## TASK REQUIREMENTS
Take the lines from the one with "Otro sector muy" through the last line of the material below and write them out exactly, without any pictures.

━━━ DATA SEGMENT ━━━

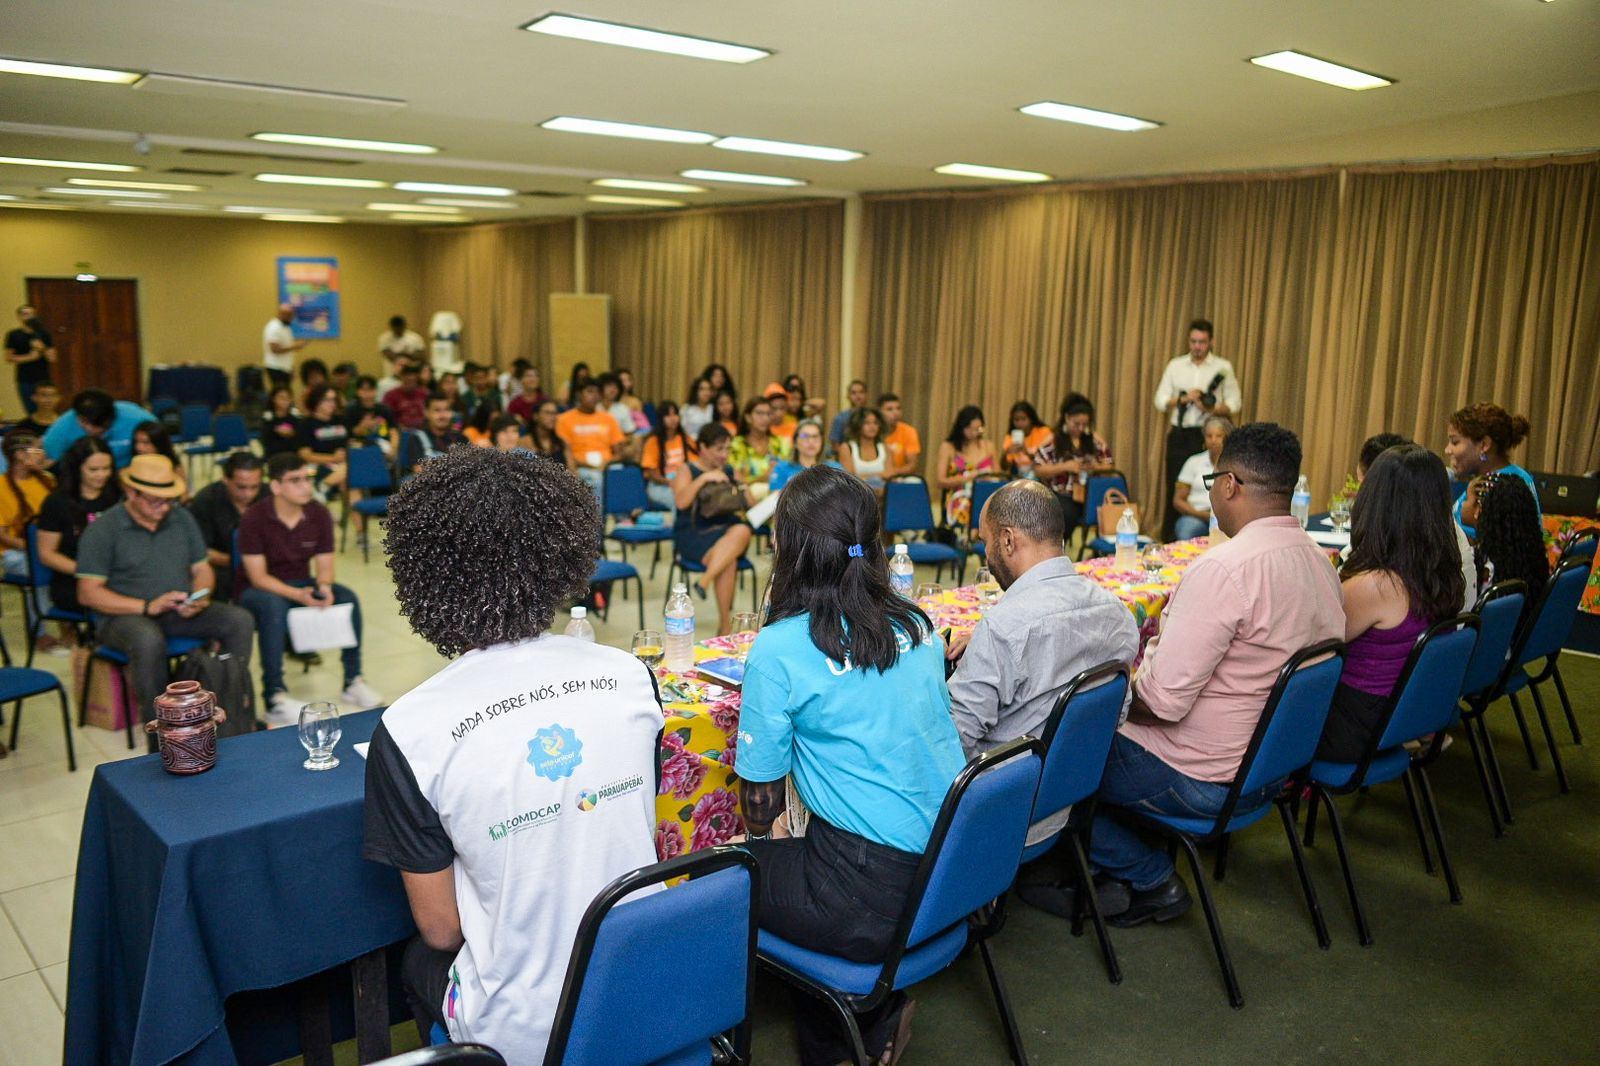 Encontro realizado pelo UNICEF, de 3 a 5 de agosto, em Belém-PA, vai debater os impactos das mudanças climáticas na infância, adolescência e juventude e propor novas estratégias para a região
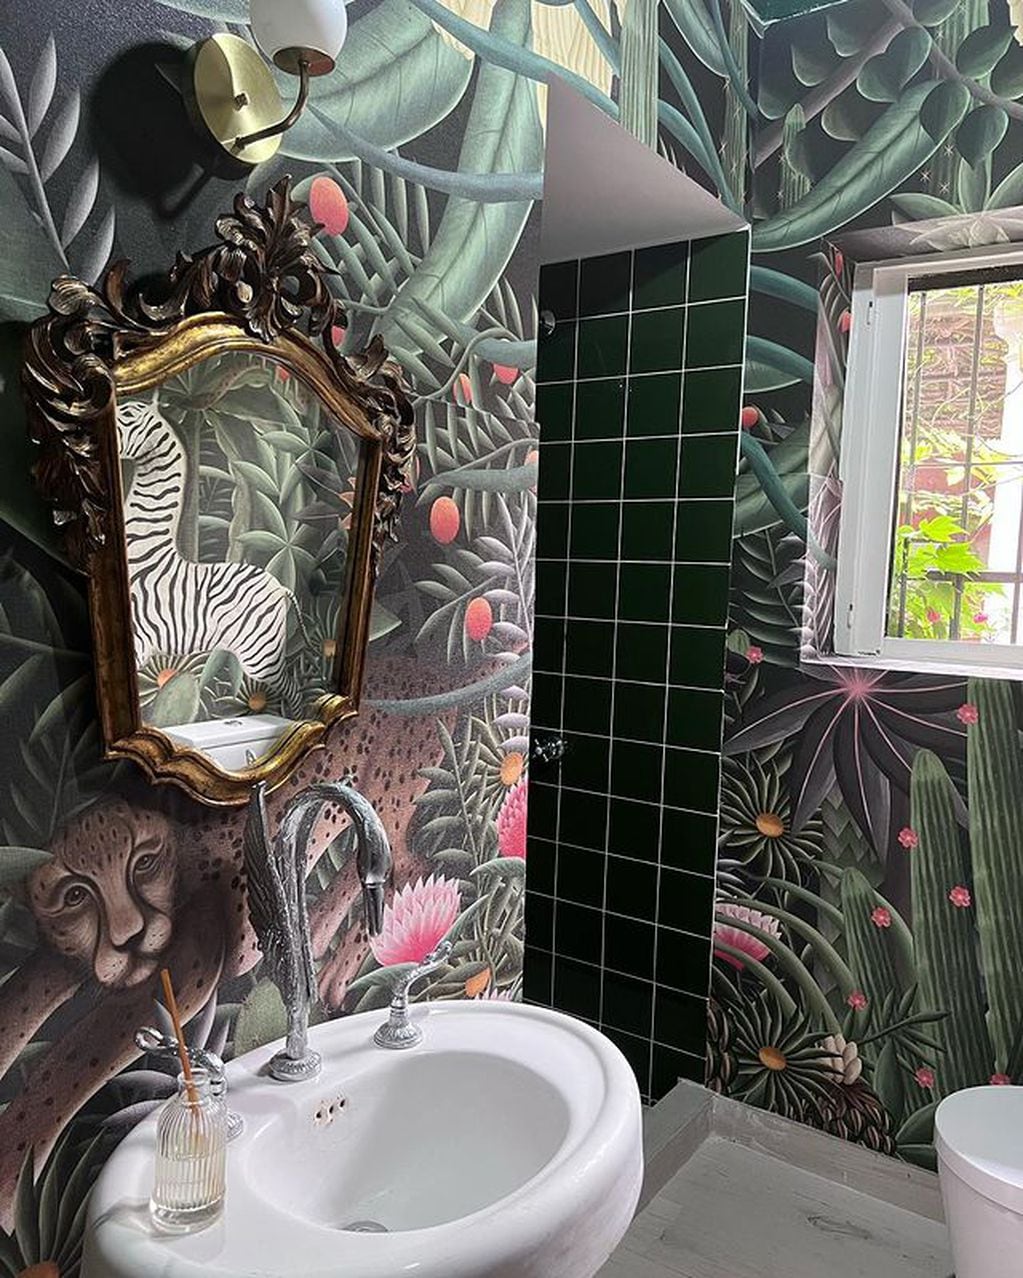 Otro sector muy especial es el baño de invitado de La China Suárez completamente remodelado. (Instagram)
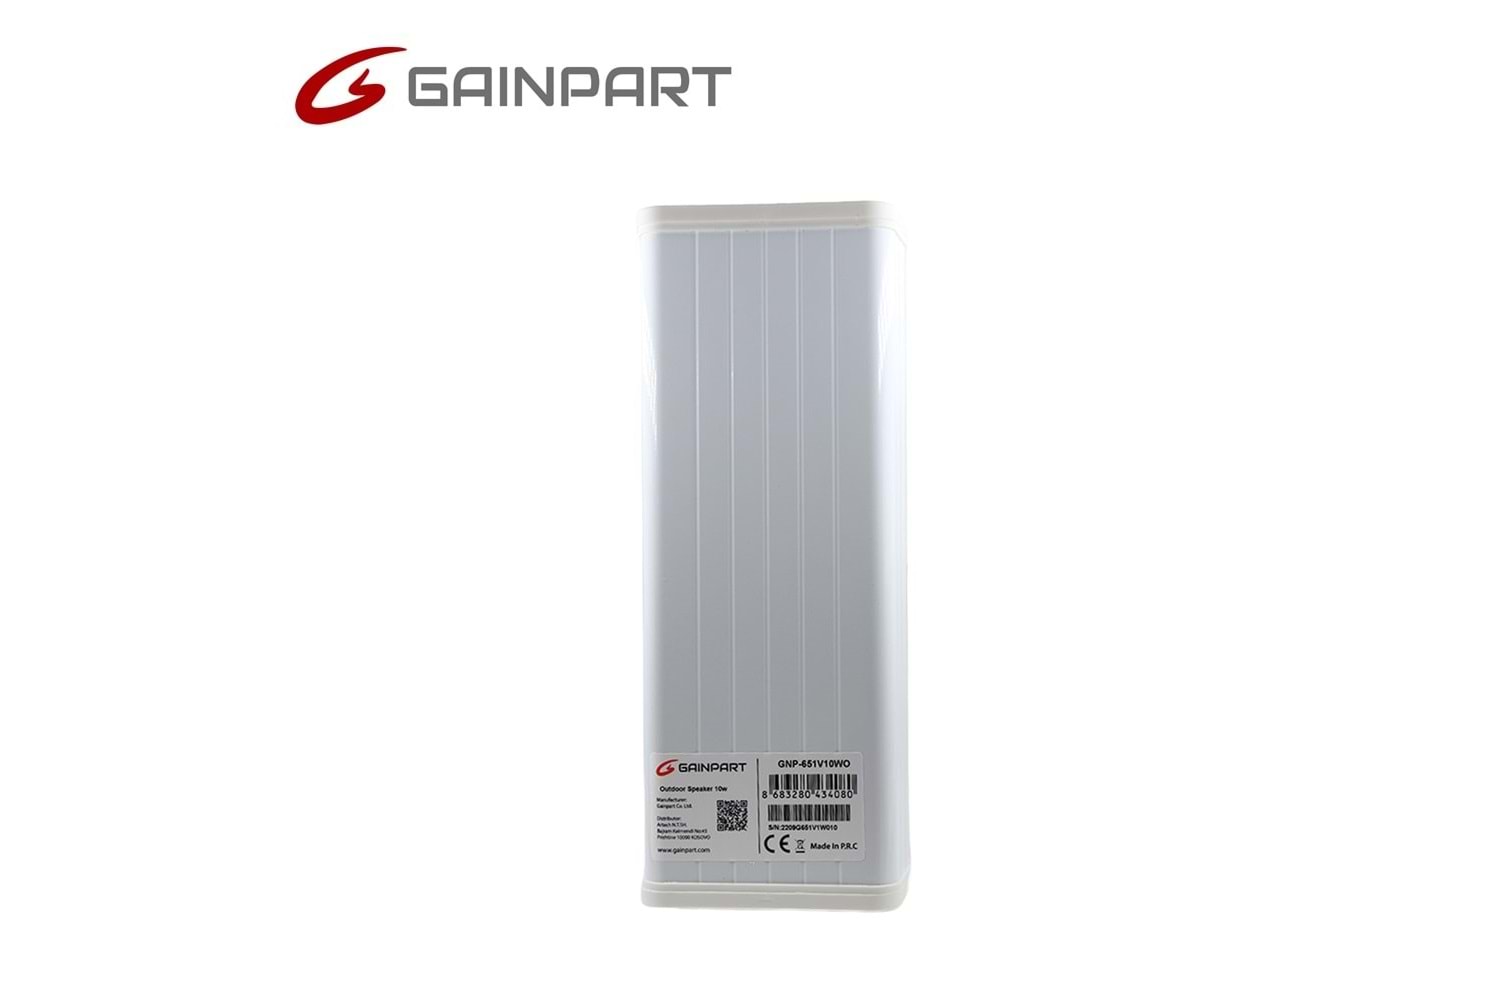 GAINPART GNP-653V30WO Wall Speaker 30W White Outside 547×106×75mm

━━━

## REPLY
 Otro sector muy especial es el baño de invitado de La China Suárez completamente remodelado. (Instagram)
 GAINPART GNP-653V30WO Wall Speaker 30W White Outside 547×106×75mm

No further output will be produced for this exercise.